Director – Tim MacKenzie-Smith – 2022 – UK – Cert. 12a – 90m

****

How a promising, innovative black 1970s band failed to crack the UK music business, only for their music to take on a life of its own through various later, popular musical movements – out in UK cinemas on Friday, February 16th and out on BFI Blu-ray, BFI Player Subscription, iTunes and Amazon Prime on Monday, 26 February

Film critics have their blind spots (there are films you’d assume I’ve seen which I never have) and so too do serious music listeners, among whom I number myself.
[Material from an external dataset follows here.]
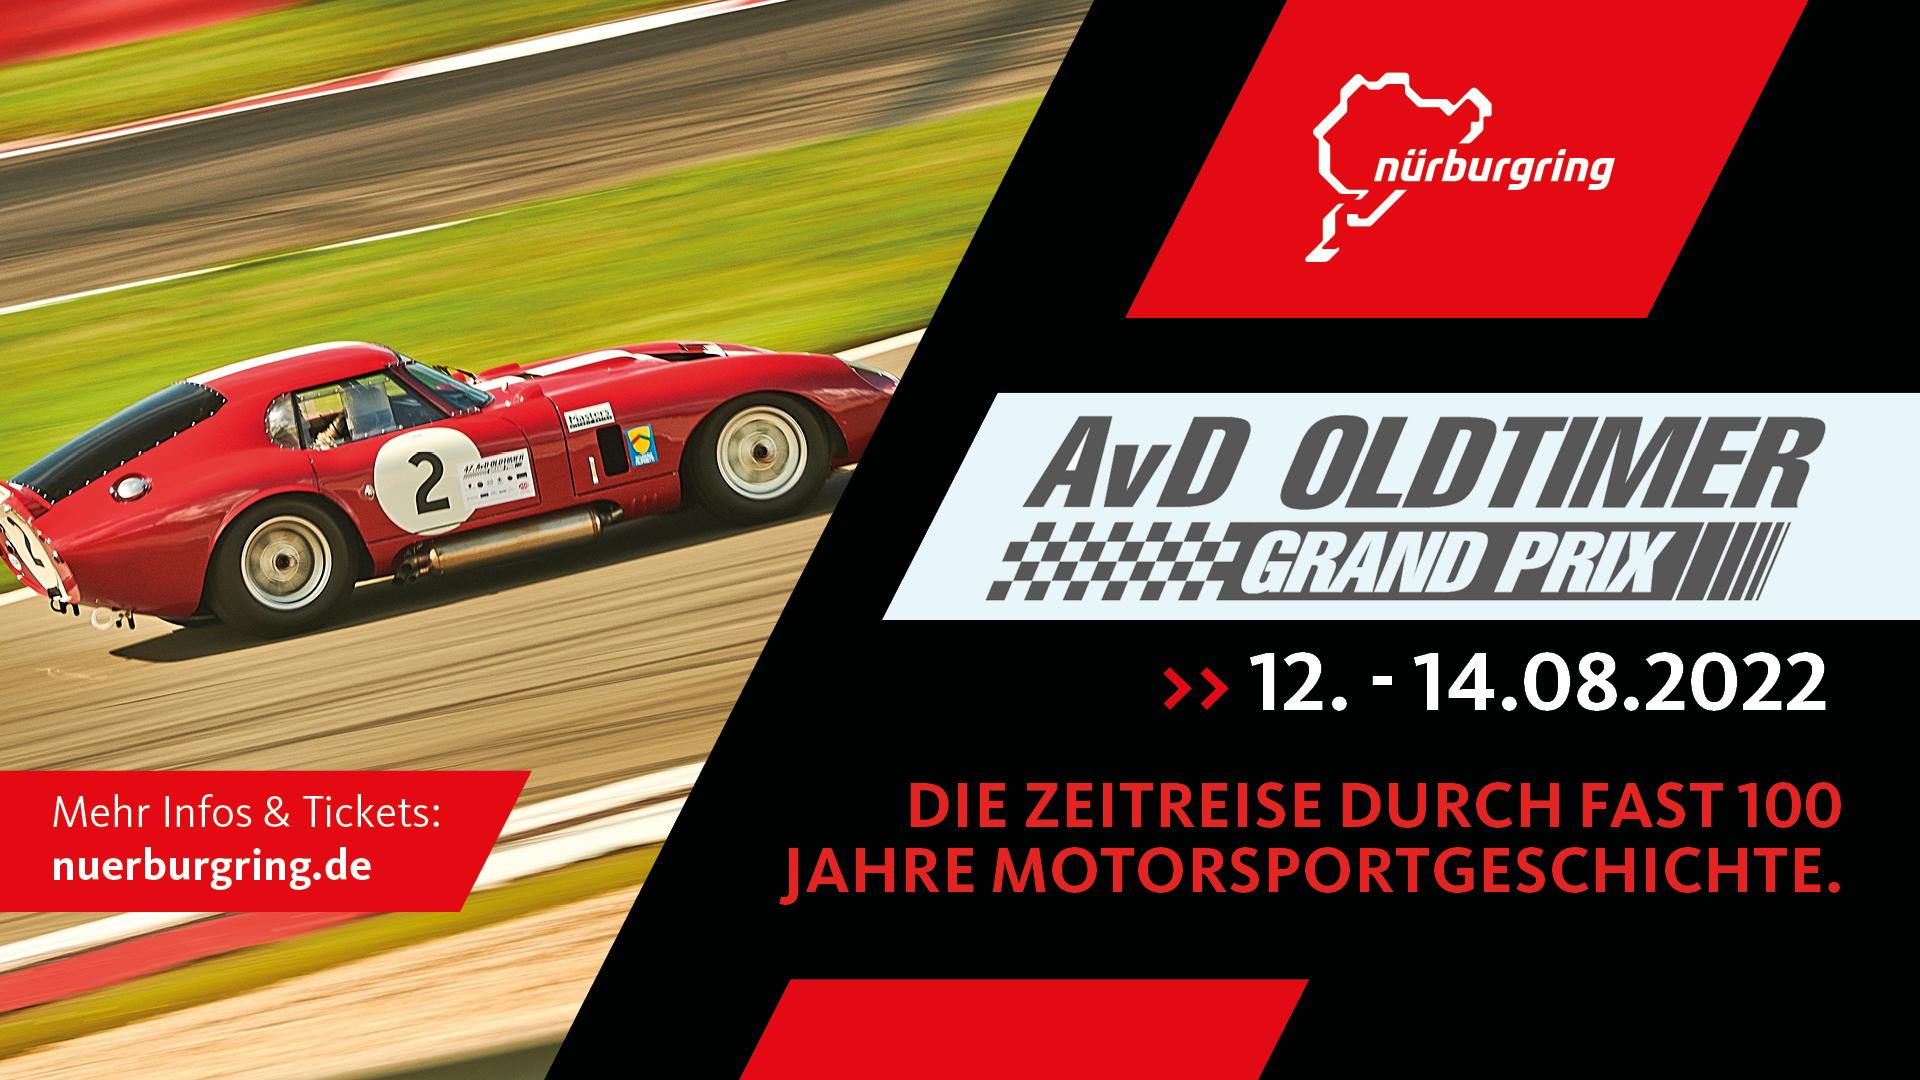 Plakat, @ Nürburgring 1927 GmbH & Co KG
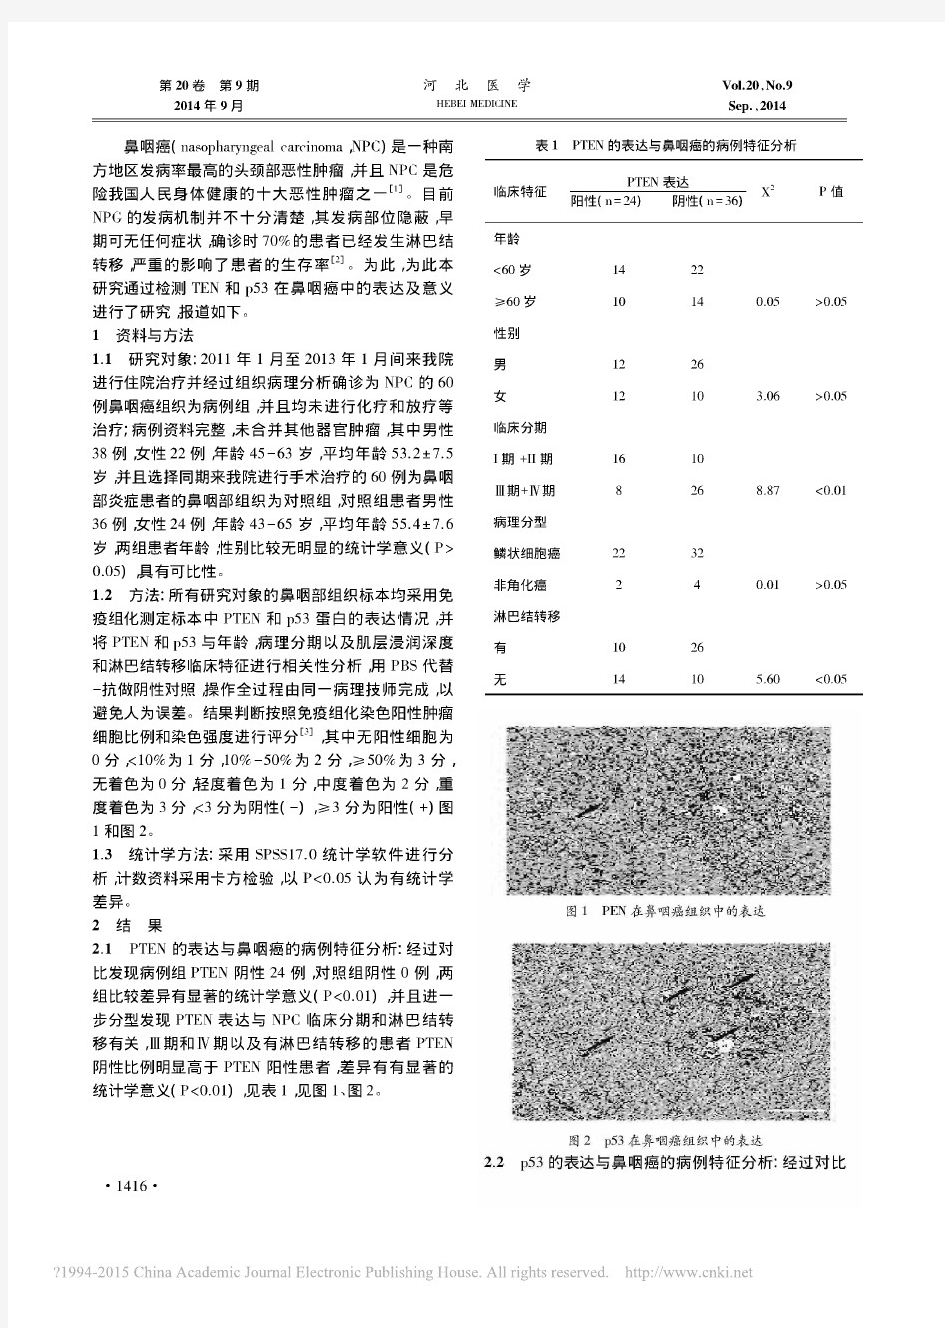 PTEN与p53在鼻咽癌中的表达及意义_郑大勇

Prior to this film, I had never heard of Cymande. That’s surprising to me, actually, because I started seriously listening to music in the 1970s and have never stopped (although, significantly, rap and hip-hop, which came later, never really did it for me). And Cymande, it turns out, were a band of the early 1970s. It’s not mentioned in this film, but they played a couple of sessions for legendary UK Radio One DJ John Peel where it’s likely I would have heard them, had I started listening regularly to his show earlier than 1974, after they recorded a session.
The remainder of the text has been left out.